12/04/2011

massacre de realengo: mais vítimas da besta agonizante

Passada o choque inicial, que se segue a toda tragédia, e passada também a espetacularização e a banalização próprias dos atuais veículos de comunicação,  já se pode refletir com um pouco mais de lucidez sobre o Massacre de Realengo. Embora lucidez seja uma palavra um pouco difícil de se aplicar em acontecimentos como esse Massacre.

De toda forma, os trechos abaixo colocam  a questão num foco menos distorcido, ao invés de se procurar causas e soluções fáceis e moralistas. Pode parecer discurso repetitivo e inócuo, mas não é  focando em indivíduos e situações específicas que se compreende tragédias assim.

Sabemos que é apenas mais um infeliz episódio provocado pela irracionalidade do atual modelo de sociedade, a irracionalidade desta organização de controle e manipulação que não cessa de produzir dor, infelicidade, conflitos e às vezes tragédias explícitas. Tanto Columbine, nos EUA, quanto Realengo são aspectos da mesma realidade.
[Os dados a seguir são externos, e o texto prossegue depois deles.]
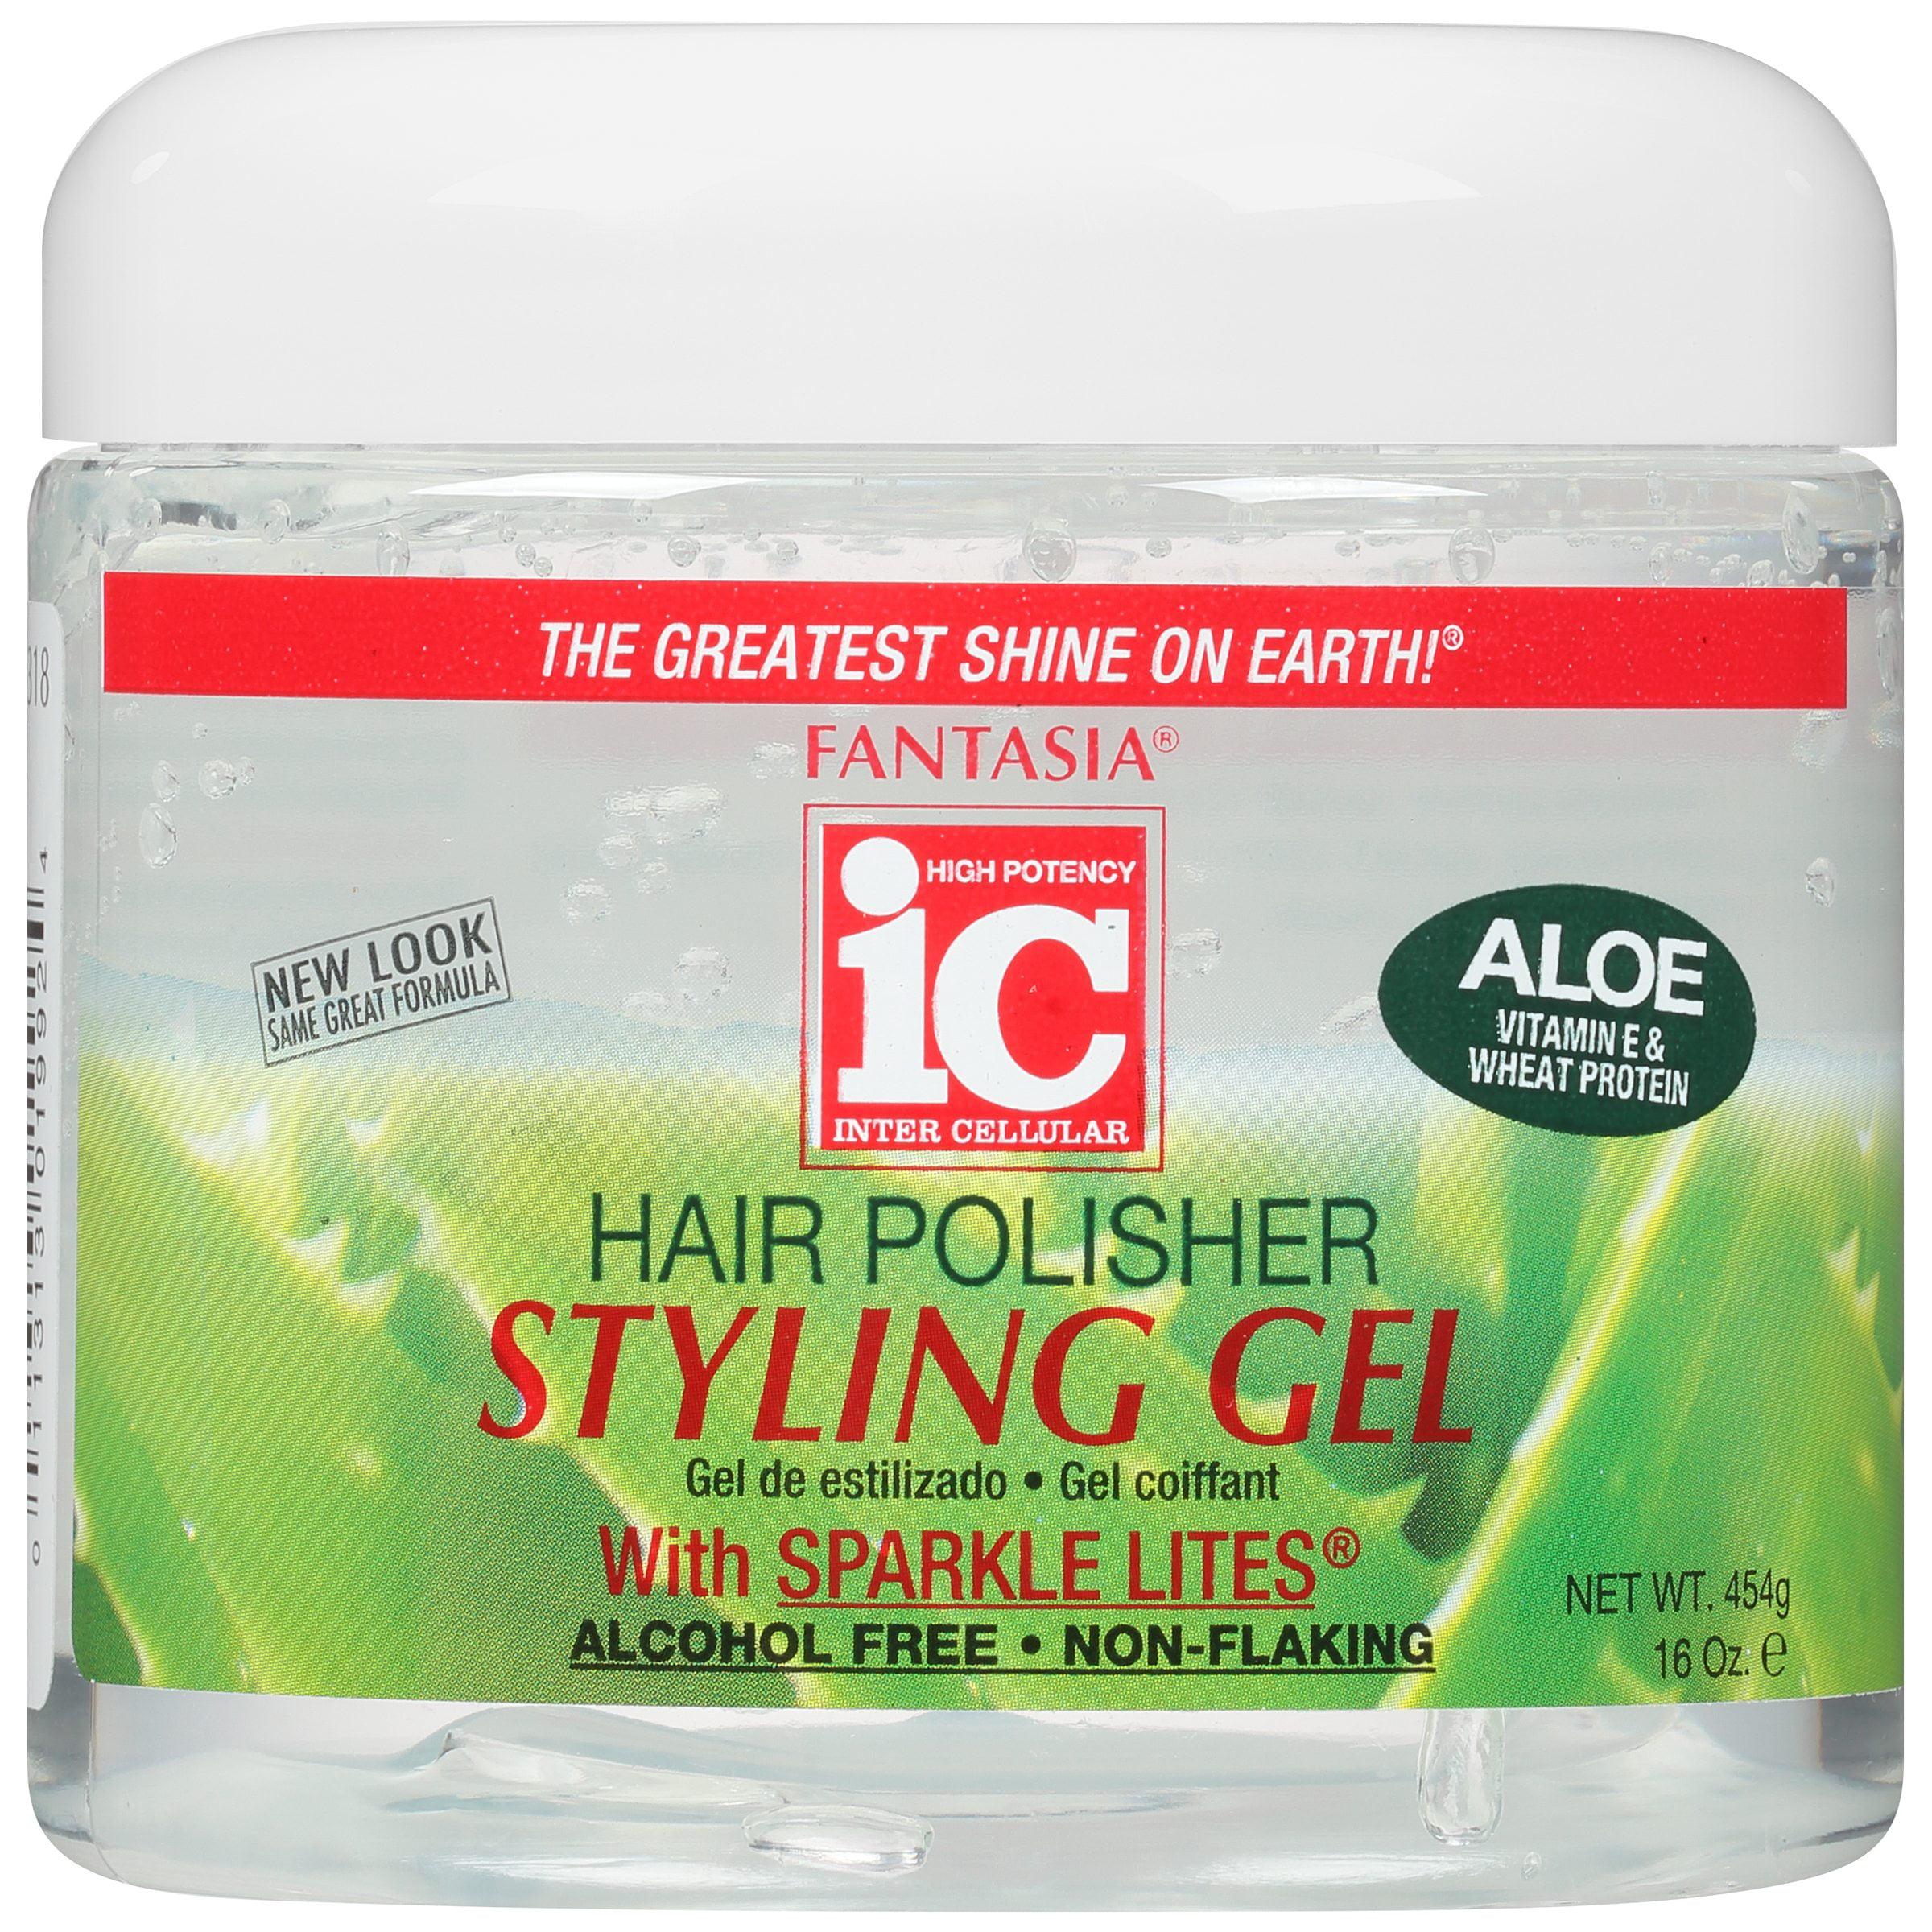 Fantasia Ic Hair Polisher With Sparkling Lites Styling Gel 16 0 Oz Walmart Com Walmart Com
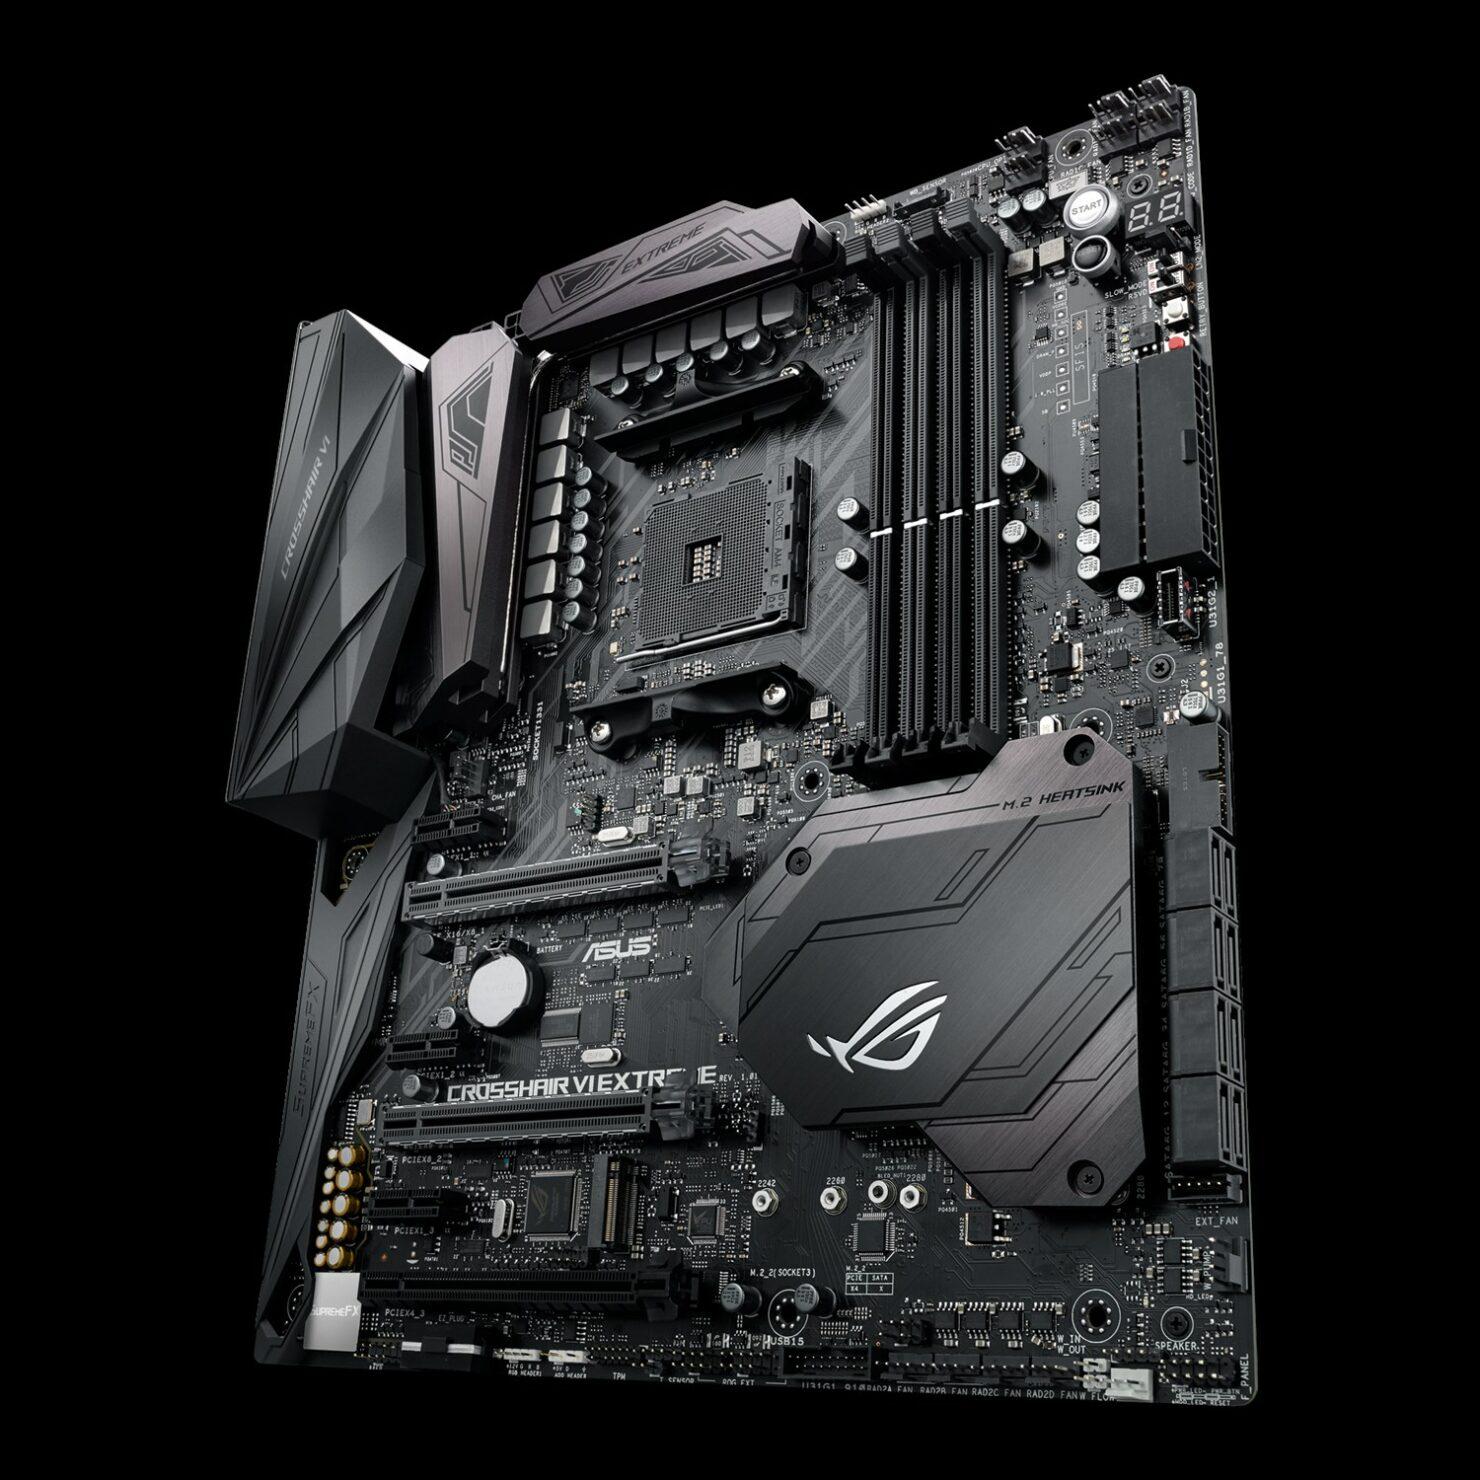 asus-rog-crosshair-vi-extreme-x370-motherboard_7-3

E  sabemos que infelizmente muita dor e muita tragédia ainda hão de ocorrer, até que a humanidade consiga finalmente superar esse estágio em que a besta agonizante do capitalismo ainda consegue ferir e escoicear. 

palavra e silêncio (trechos)
por alfredo gonçalves, publicado originalmente em  província são paulo

O que dizer deste trágico e inesquecível dia 7 de abril carioca? O que dizer frente ao massacre de 12 crianças e adolescentes em plena sala de aula? O que dizer, na noite seguinte, diante dos muros revestidos de flores e velas da Escola Municipal de Realengo, zona oeste do Rio de Janeiro? O que dizer de uma violência tão nua e crua, tão fria e meticulosamente calculada?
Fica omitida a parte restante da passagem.